The baldies were quite special


Aunt Marg said:


> They'll sit for hours in one spot


Yup

This one roosted in that tall pine for three days straight


----------



## Glowworm (Mar 20, 2021)

At our local birdwatching lake we have Sea Eagles, Golden Eagles and Ospreys. I was taken on a trip there a couple of years ago in the spring and was lucky to see four Golden Eagles and two Ospreys.


----------



## Aunt Marg (Mar 20, 2021)

Gary O' said:


> Love the photo capture
> 
> Up at our mountain cabin, we had the baldies, red tails, turkey vultures, and a smattering of other hawks, mostly Cooper's hawks
> Fun to lay back in the lounge and watch the red tails cruise thru overhead, just above the pines
> ...


Beautiful capture, Gary. 

Their patience is astounding and their size deceiving.


----------



## Aunt Marg (Mar 20, 2021)

Has anyone ever witnessed an Osprey fishing?

Dear husband and I were at a lake one summer and there was tremendous loud splashing going on, and when we broke through the thick of the forest to investigate, there was a lone Osprey diving into the water again and again hunting for fish.

A most incredible sight.


----------



## Ruth n Jersey (Mar 20, 2021)

I've never seen an eagle around my area in New Jersey but plenty of hawks and vultures. I'm glad to see the vultures because the road department is pretty lax on picking up the road kill.  
Unfortunately many deer get hit by cars but the vultures make quick work of them.  Very sad but at least they didn't die in vain.


----------



## Lewkat (Mar 20, 2021)

I remember some time ago, I was in Florida, discussing whether I should go to work for NASA with a former Colonel when he pointed out that I was standing directly under an eagle's nest perched at the top of a palm tree.  First time I'd ever seen one and he told me they can weigh as much as 90 lbs.  Well, I guess you know, I change position rather quickly after that bit of information.


----------



## Lewkat (Mar 20, 2021)

Aunt Marg said:


> Has anyone ever witnessed an Osprey fishing?
> 
> Dear husband and I were at a lake one summer, and there was tremendous loud splashing going on, and when we broke through the thick of the forest to investigate, there was a lone Osprey diving into the water again and again hunting for fish.
> 
> A most incredible sight.


Oh sure, Marg, down the shore all the time.  When we are out in my son's boat we watch them.


----------



## Aunt Marg (Mar 20, 2021)

Lewkat said:


> Oh sure, Marg, down the shore all the time.  When we are out in my son's boat we watch them.


Beautiful, Lew.

I think about the countless people who are locked within a concrete jungle (big city) where they never get to experience drinking from a mountain stream, fishing in a river or lake, walking through a forest, picking wild mushrooms and berries, observing wildlife in it's natural state, or just smelling pure, clean, unpolluted air.

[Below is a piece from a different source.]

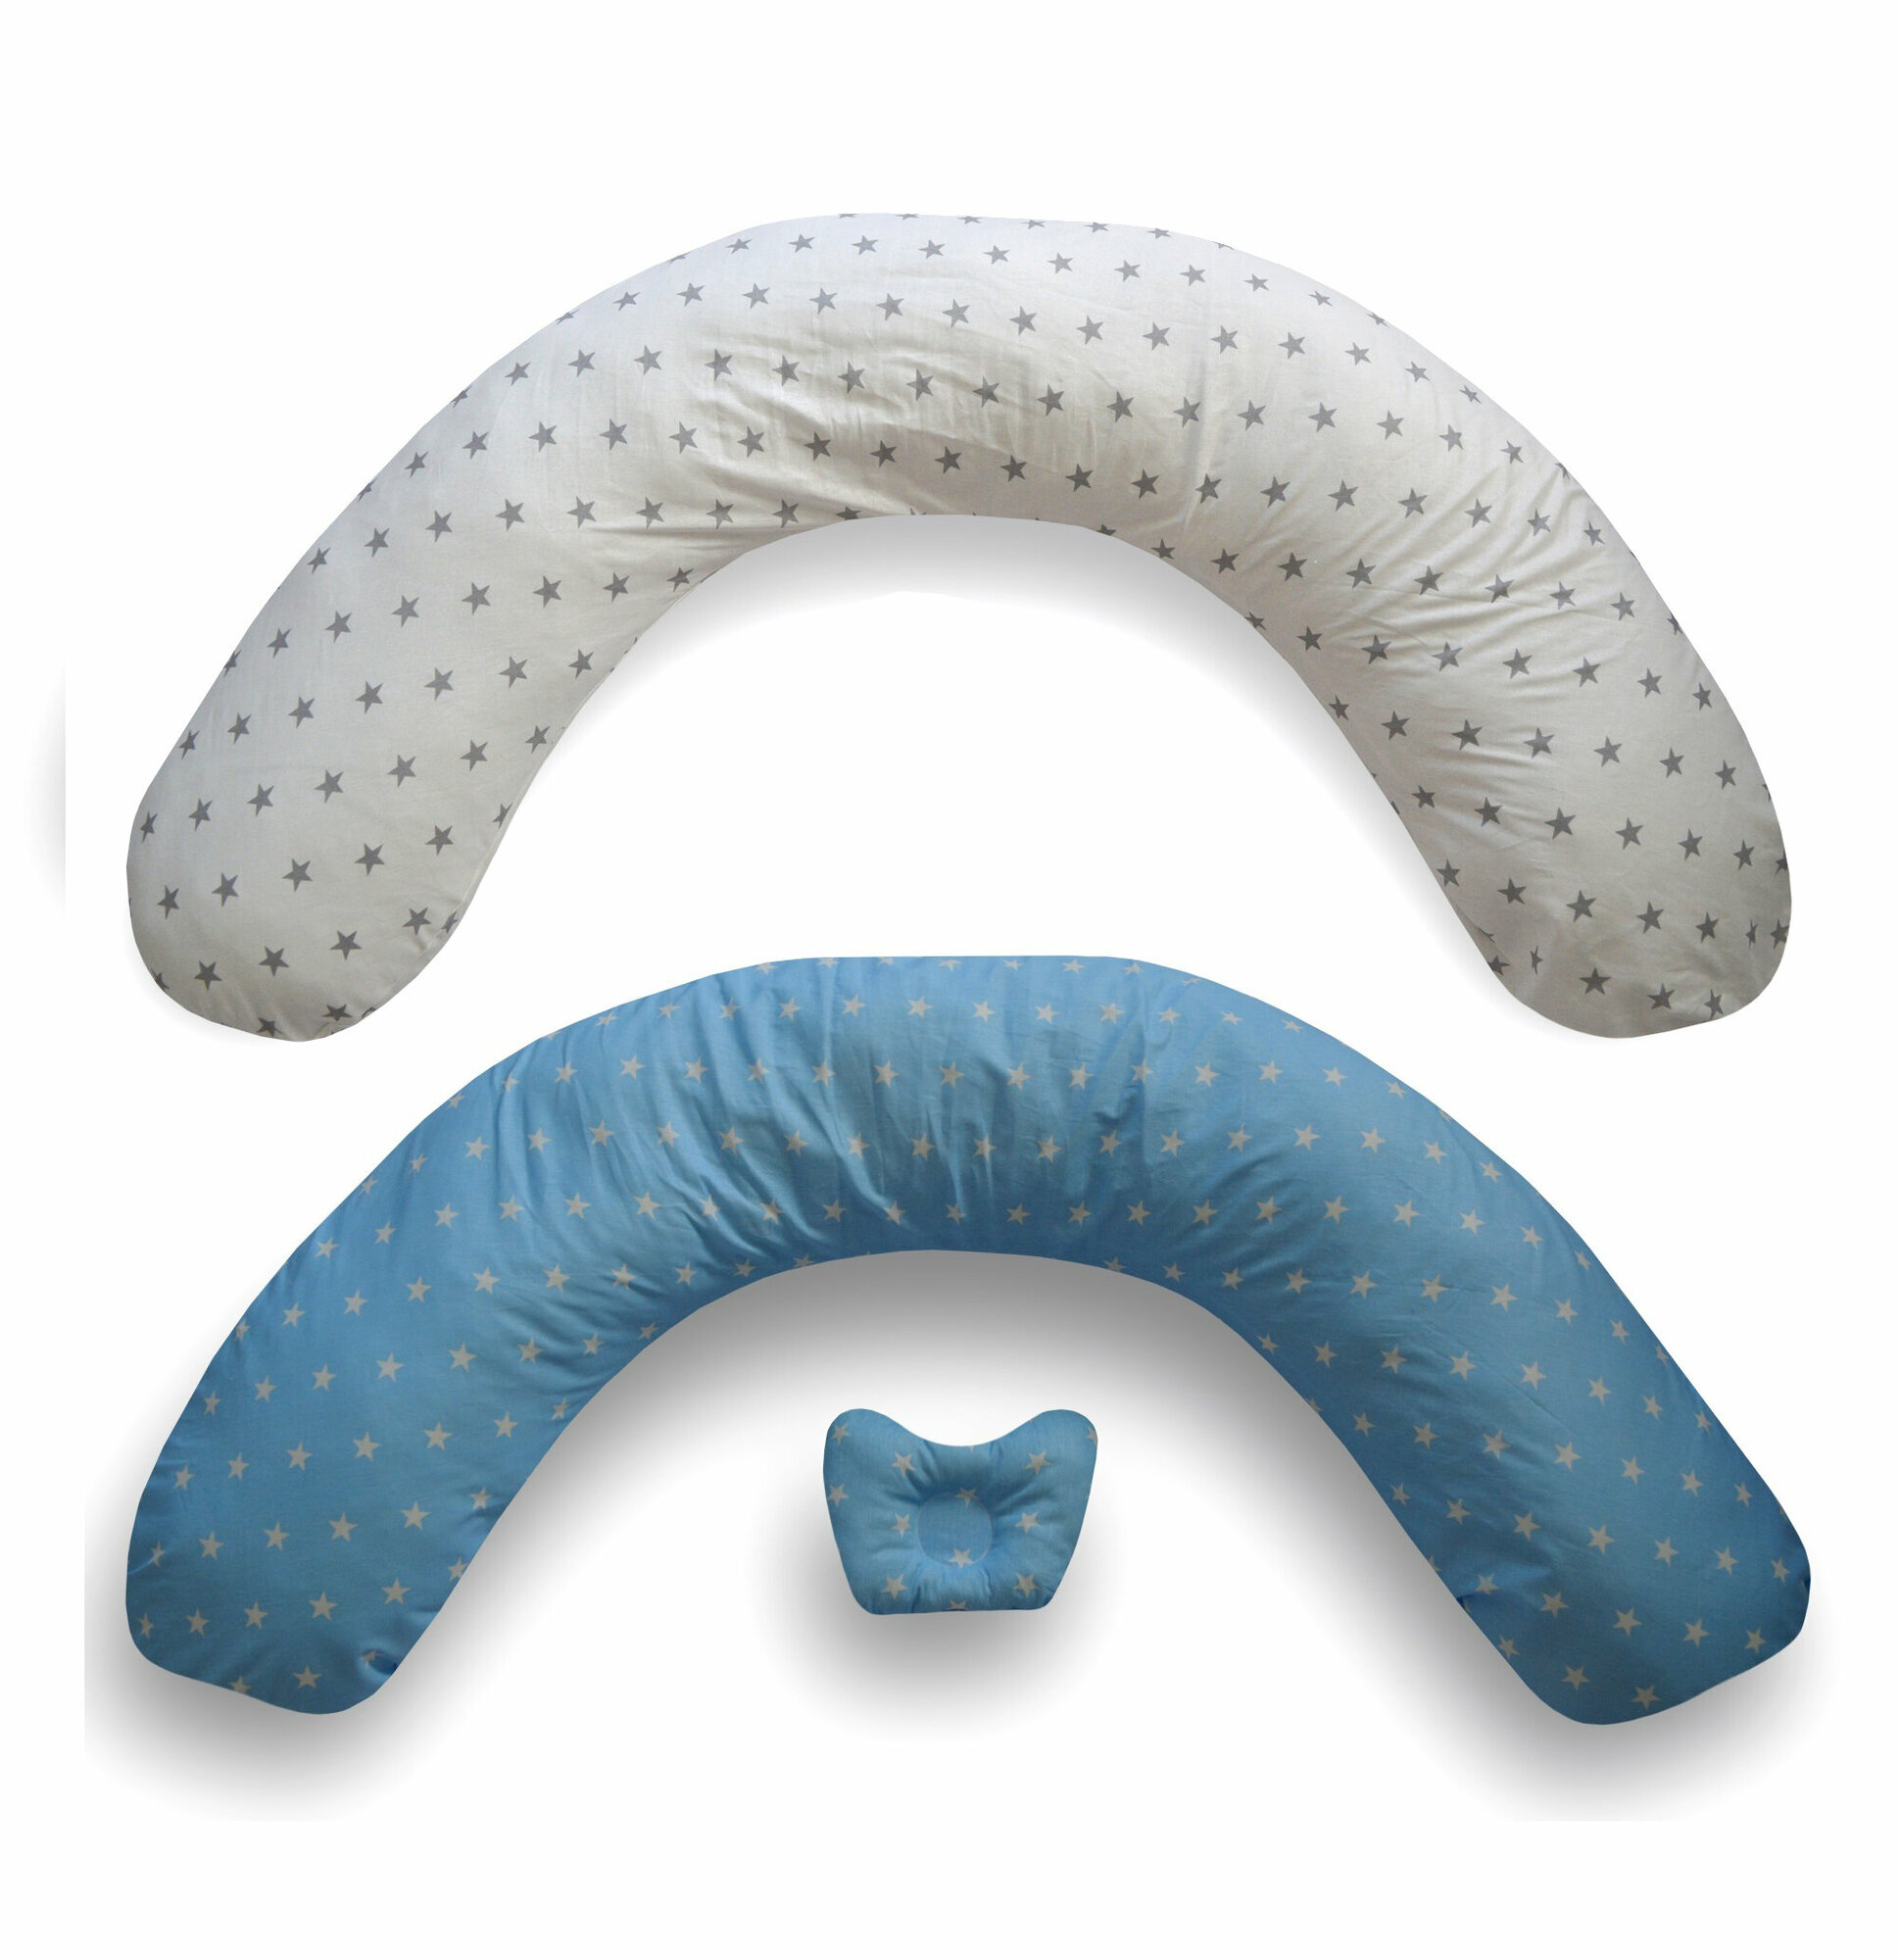 Подушка Мастерская снов для беременных V-210 MAXI материал наволочки хлопок + подушечка для малыша Бело-голубые звездочки

I find myself looking up at the sky often to gaze at the blue, I find myself listening to the birds sing, the leaves rustle on the trees, and the rain come down on a spring day.

So lucky we are to be fortunate enough to enjoy nature for it's worth.


----------



## Citygirl (Mar 20, 2021)

*Coming from one of those concrete jungles & no computer I had never experienced watching an eagle. Now I have the pleasure of watching them close-up, from the time the egg is laid till they leave the nest. Such a gorgeous bird and they take better care of their young than some humans do.*


----------



## Liberty (Mar 20, 2021)

The red tails  ( red tail hawks) have been breeding for about a month or so.  Did you know they seem to pick the highest and deadest limbs on the trees to copulate on.  You can sit out on the deck and look up, hear the crrrraaaakkk of the limbs cracking  off the trees.  Geesh.


----------



## Jules (Mar 20, 2021)

There were a pair of eagles nearby for years.  This year there’s only one.  Apparently they mate for life.  I’ll keep watching when I’m in that area but this is the same that others are reporting.


----------



## SeaBreeze (Mar 20, 2021)

Becky1951 said:


> View attachment 155642This was a beautiful site to see this morning.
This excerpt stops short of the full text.